Abstract
By using broken lines to represent coordination interactions in organometallic and other coordinated compounds, we can draw structures satisfying the valencies of the atoms present. These broken lines should be used to replace many false single covalent bonds now used to depict organometallic and coordinated compounds. Chemical drawing software should not recognize such broken lines as single covalent bonds and they should be ignored. An example of confusing and erroneous structural representation of organometallics and coordination compounds is discussed.

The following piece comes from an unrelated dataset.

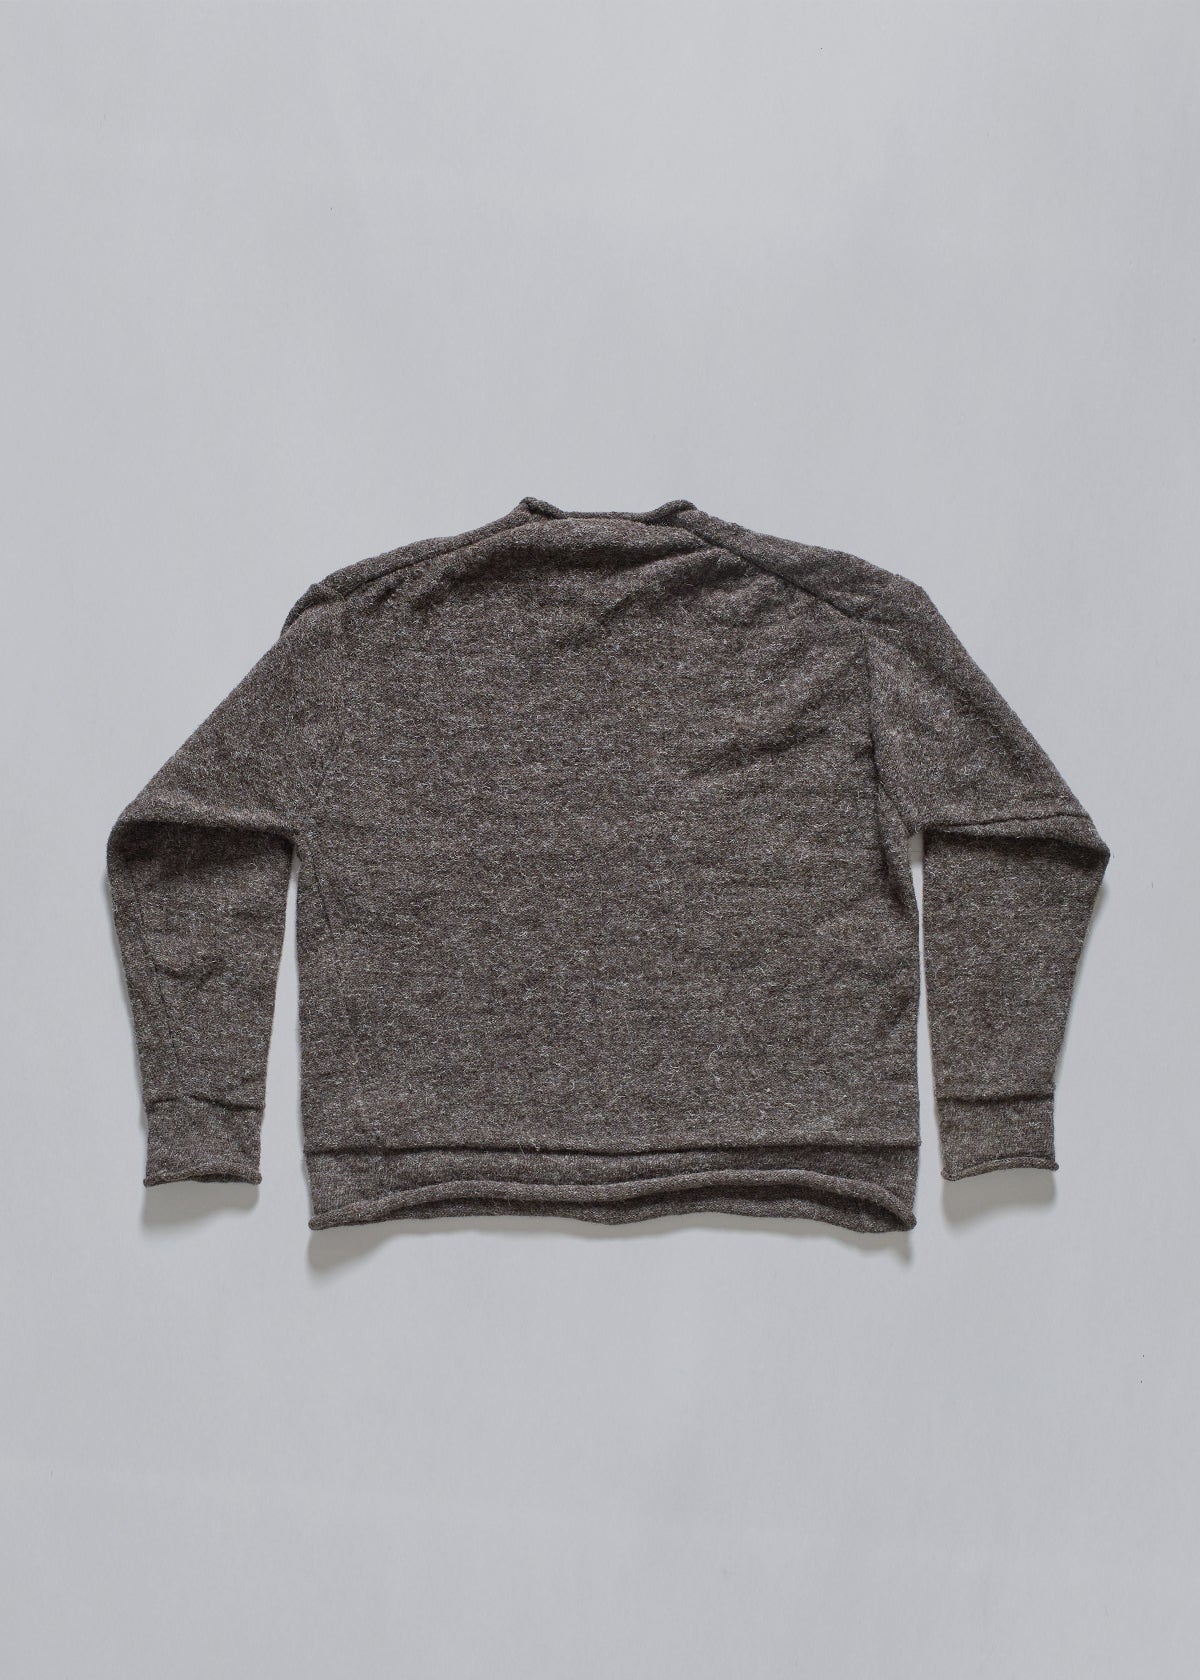 Homme Artisanal Wool Knit 1998 - Medium - The Archivist Store

Keywords: Structural representations, chemical drawings
Introduction
In recent papers [1], the original drawing of structure I depicts extended valencies at 6 atoms (four Sn and two O), as easily identified by most chemical drawing software packages (Figure 1). According to this structural diagram the unit formula would be 2 C30H49F2N4O9Sn2 (or 2× C30H49F2N4O9Sn2). However, according to the reaction scheme (see Scheme 1) given in the original papers [1], the formula of the starting material is C15H25FN2O5Sn, therefore the correct molecular formula for product I should be 2 C30H48F2N4O9Sn2 (or 2 × C30H48F2N4O9Sn2) [2].
Figure 1.
Structure I as drawn in the original paper [1].
Scheme 1.
This occurrence reminds us of the frequent observation of confusing, and, in not rare cases, erroneous chemical drawings in Organic Chemistry [3,4]. Moreover, in structural drawings of organometallics and complexes, one can often find even more frequent, confusing or erroneous cases. In this short paper I would like to recommend the proper use of dashed lines (or broken lines) in drawing molecular structures to avoid confusion and errors.
Results and Discussion
In a recent paper [3], we have proposed that various bonds (see Figure 2) commonly used for specification of absolute configuration, e.g. the two types of solid wedge and broken wedge representations most frequently seen in literature (a and b), can be replaced by only one kind of wedge, namely the solid wedge (c and d). Only one wedge should be used when representing a quadrivalent center (d). The three normal bonds are distributed on a cone opposite to the wedge. The flexibility, simplicity, unambiguity and usefulness for R-S specification of the one-wedge system are discussed, as well as its esthetic appeal [3].
Figure 2.
One-wedge convention for stereochemical representations.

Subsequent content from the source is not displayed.